What is the data lake solution?

Many Amazon Web Services (AWS) customers require a data storage and analytics solution that offers more agility and flexibility than traditional data management systems. A data lake is an increasingly popular way to store and analyze data because it allows businesses to store all of their data, structured and unstructured, in a centralized repository. The AWS Cloud provides many of the building blocks required to help businesses implement a secure, flexible, and cost-effective data lake.

To support our customers as they build data lakes, AWS offers the data lake solution, which is an automated reference implementation that deploys a highly available, cost-effective data lake architecture on the AWS Cloud. The solution is intended to address common customer pain points around conceptualizing data lake architectures, and automatically configures the core AWS services necessary to easily tag, search, share, and govern specific subsets of data across a business or with other external businesses. This solution allows users to catalog new datasets, and to create data profiles for existing datasets in Amazon Simple Storage Service (Amazon S3) with minimal effort.
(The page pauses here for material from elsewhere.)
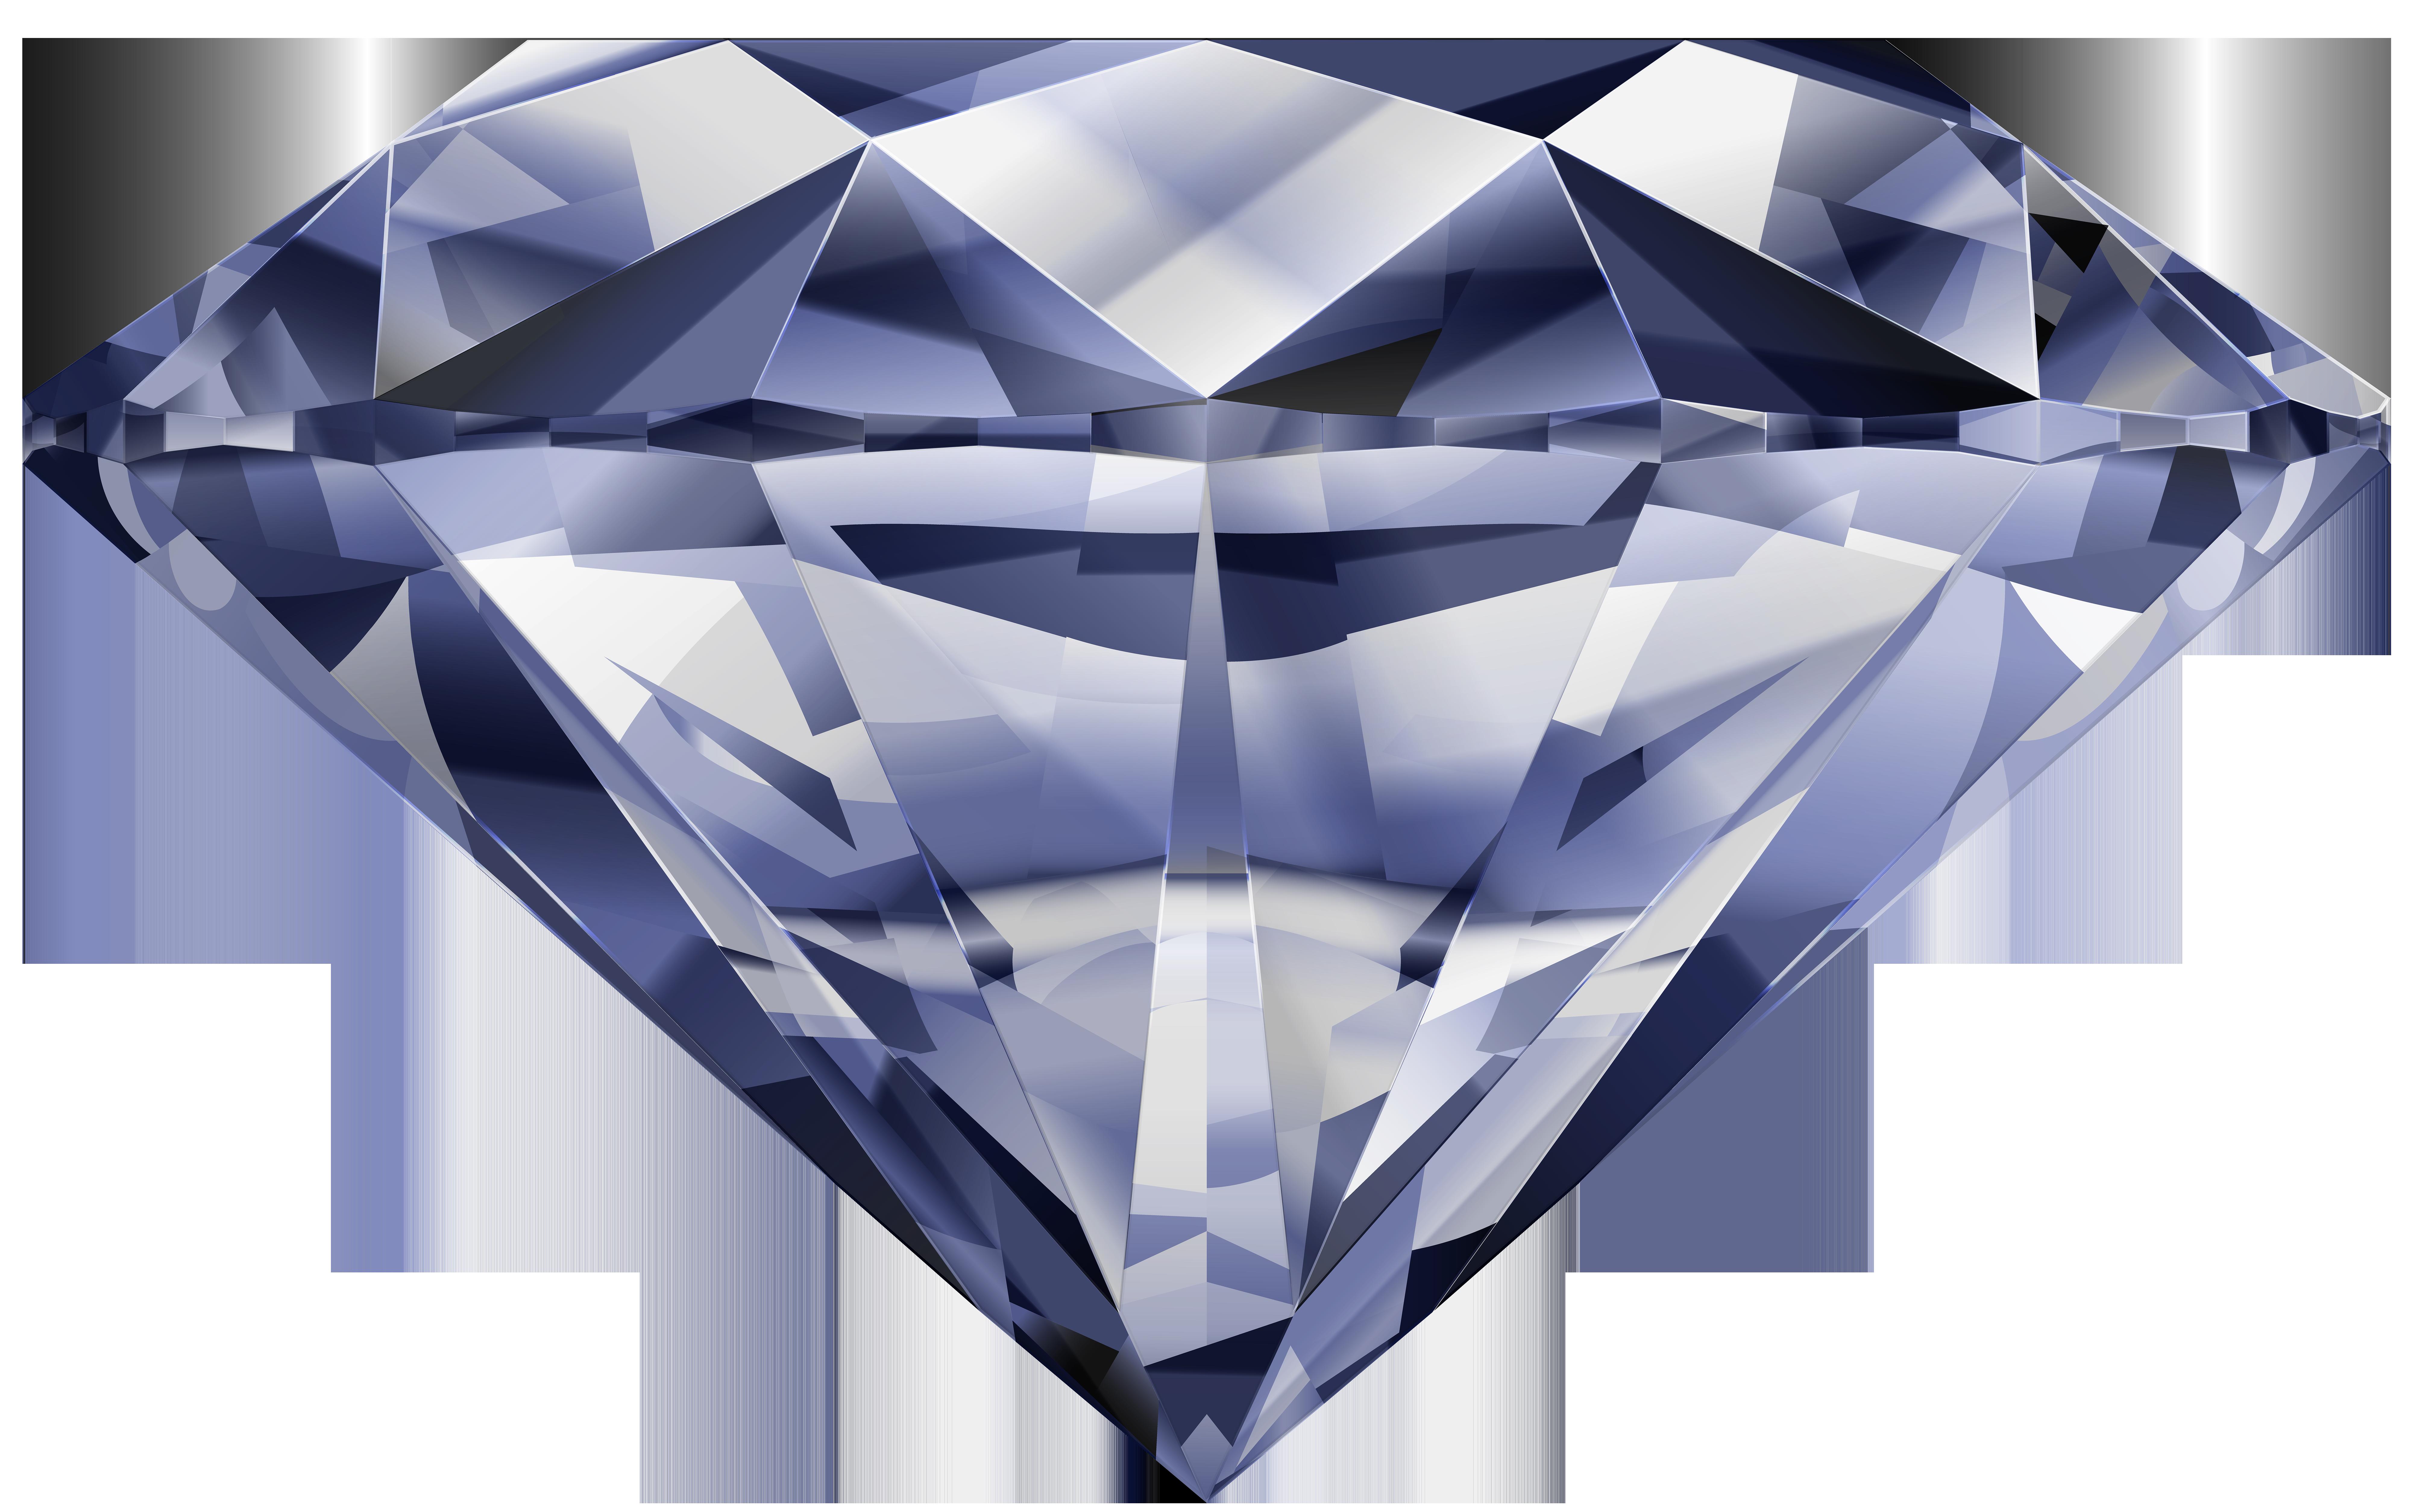 Diamonds clipart purple. Luckman fine arts complex
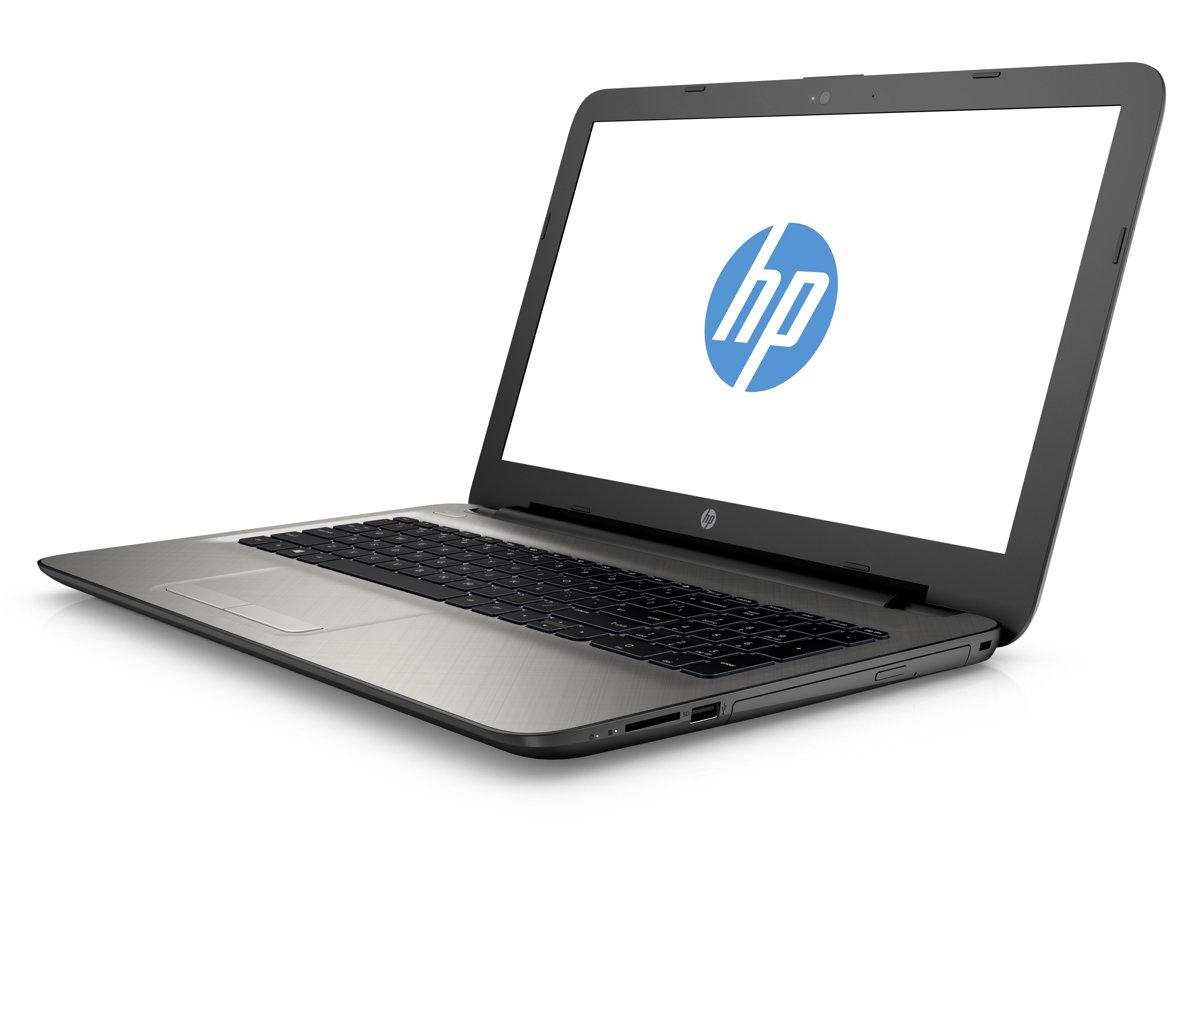 Hp notebook x64-based pc - Hp Laptop 15 6 Screen Intel Pentium Quad Core 6gb Memory 500gb Hard Drive Windows 10 By Office Depot Officemax

For the full solution overview visit Data Lake on AWS.

What can I do with the data lake solution?

When you build a data lake, your main customers are the business users that will consume data and use it for analysis. The most important things your customers are trying to achieve are agility and innovation. You made a bet when you decided to store data in your lake, your customers are looking to quickly cash this in when they start their new project.

Once your data lake is mature, it will undoubtedly feed several data marts such as reporting systems or enterprise data warehouses. Using the data lake as a source for specific business systems is a recognized best practice. However, if that is all you needed to do, you wouldn’t need a data lake. Having a data lake comes into its own when you need to implement change; either adapting an existing system or building a new one. These projects build on an opportunity for a competitive advantage and need to run as quickly as possible. Your data lake customers need to be agile. They want their projects to either quickly succeed or fail fast and cheaply.

The data lake solution on AWS has been designed to solve these problems by managing metadata alongside the data. You can use this to provide a rich description of the data you are storing. A data lake stores raw data, so the quality of the data you store will not always be perfect (if you take steps to improve the quality of your data, you are no longer storing raw data). However, if you use metadata to give visibility of where your data came from, its linage and its imperfections you will have an organized data lake that your customers can use to quickly find data they need for their projects.

The data lake solution is designed to manage a persistent catalog of datasets in Amazon Simple Storage Service (Amazon S3) and business relevant tags associated with each dataset. It also configures an AWS Glue crawler within each data package and schedules a daily scan to keep track of changes. The crawlers go through your datasets and inspect portions of it, to infer data schema and persist the output of this process as one or more metadata tables that are defined in your AWS Glue Data Catalog.

Once a dataset is cataloged within the data lake solution, the dataset attributes and associated tags are indexed by the data lake search engine. This enables users to search and browse the datasets available within the data lake and select datasets of interest that they require access to for their extended business needs. The data lake solution keeps track of the datasets selected by users to allow them to generate a manifest file with secure access links to the selected content. Users leverage the provided manifest file to access and process the datasets as required for their particular business requirements.

Data lake solution concepts

The central concept of this data lake solution is a package. This is a container in which you can store one or more files. You can also tag the package with metadata so you can easily find it again.

For example, the data you need to store may come from a vast network of weather stations. Perhaps each station sends several files containing sensor readings every 5 minutes. In this case, you would build a package each time a weather station sends data. The package would contain all the sensor reading files and would be tagged with metadata, such as, the location of each station with the date and time on which the readings were taken. You can configure the data lake solution to require that all packages have certain tags. This helps ensure you maintain visibility on the data added to your lake.